Understanding Semantic Models

Semantic models form the foundation of the dbt Semantic Layer. Configured using YAML files, they correspond to dbt models in your DAG. Each model requires a unique YAML configuration, enabling dynamic and reliable dataset refinement. You can even create multiple semantic models from a single dbt model, provided each has a distinct name.
These models comprise three key components:

  • Entities: Define relationships between semantic models (e.g., IDs).
  • Dimensions: Columns used for slicing, grouping, and filtering data (e.g., timestamps, categories).
  • Measures: Quantitative values aggregated in analyses.

Diving into Metrics

Metrics are calculations representing essential business measures, built from entities, measures, and dimensions. They ensure centralized definitions, reusability across tools, and consistency in analysis. Metrics encapsulate both logic (e.g., aggregations, filters) and context (e.g., time granularity, dimensions).
Types of metrics include:

  • Conversion Metrics: Track events like purchases per user.
  • Cumulative Metrics: Aggregate measures over specified windows.
  • Derived Metrics: Expressions combining multiple metrics.
  • Ratio Metrics: Comparisons of numerator and denominator metrics.
  • Simple Metrics: Directly reference a single measure.

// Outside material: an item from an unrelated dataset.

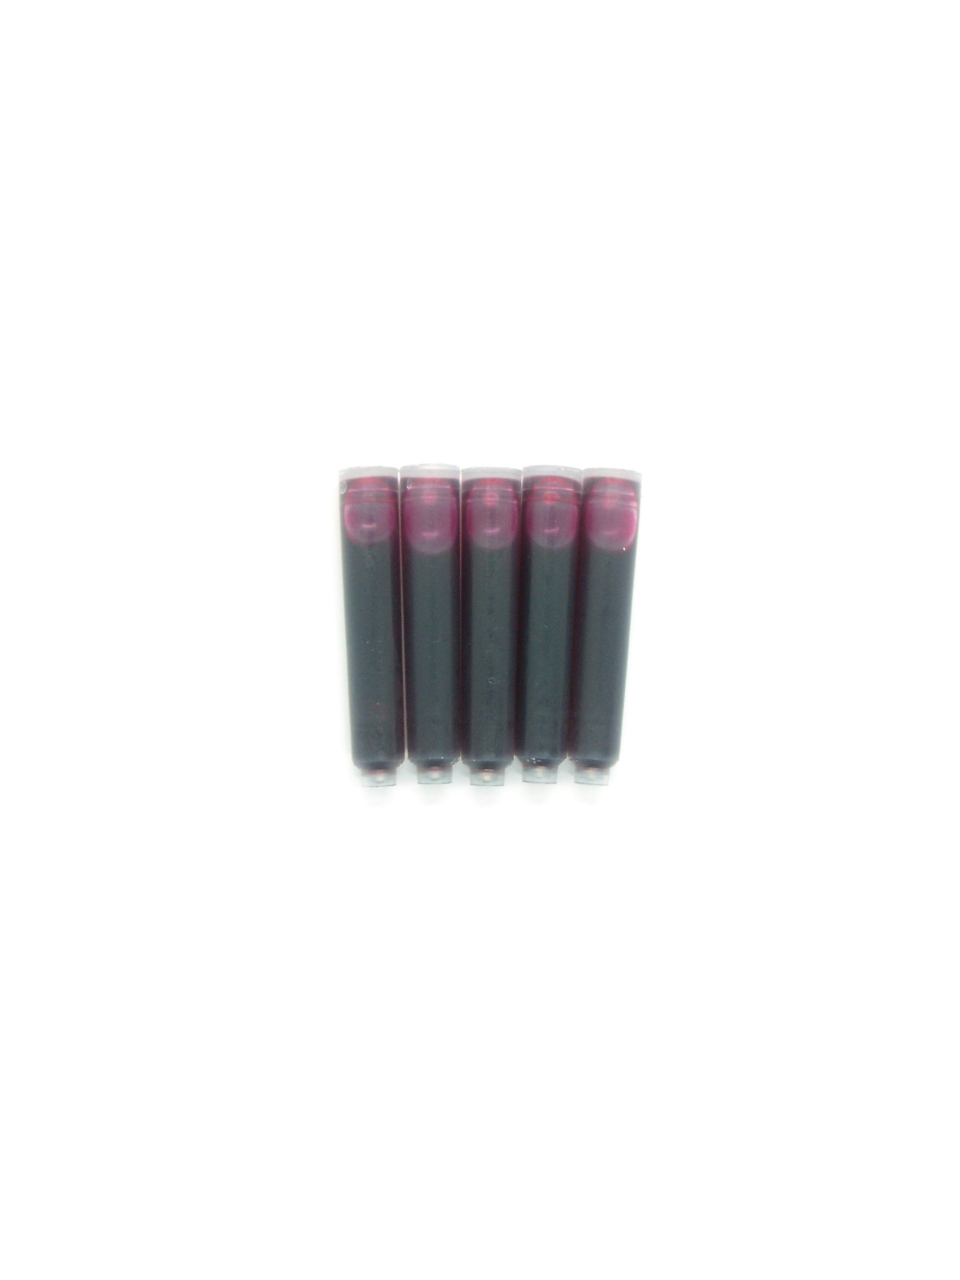 PenConverter Ink Cartridges For Daniel Hechter Fountain Pens (Pink)

Commanding Metrics with dbt

dbt Cloud CLI provides MetricFlow commands to interact with the semantic layer. For instance, dbt sl query executes queries and validates metrics, while dbt sl list dimensions retrieves dimensions for specific metrics. These tools streamline metric management and ensure robust analytics workflows.

Semantic models and metrics are vital for bridging data transformations and actionable insights. They provide a foundation for scalable, consistent, and reusable analytics frameworks, enabling businesses to thrive in data-driven environments.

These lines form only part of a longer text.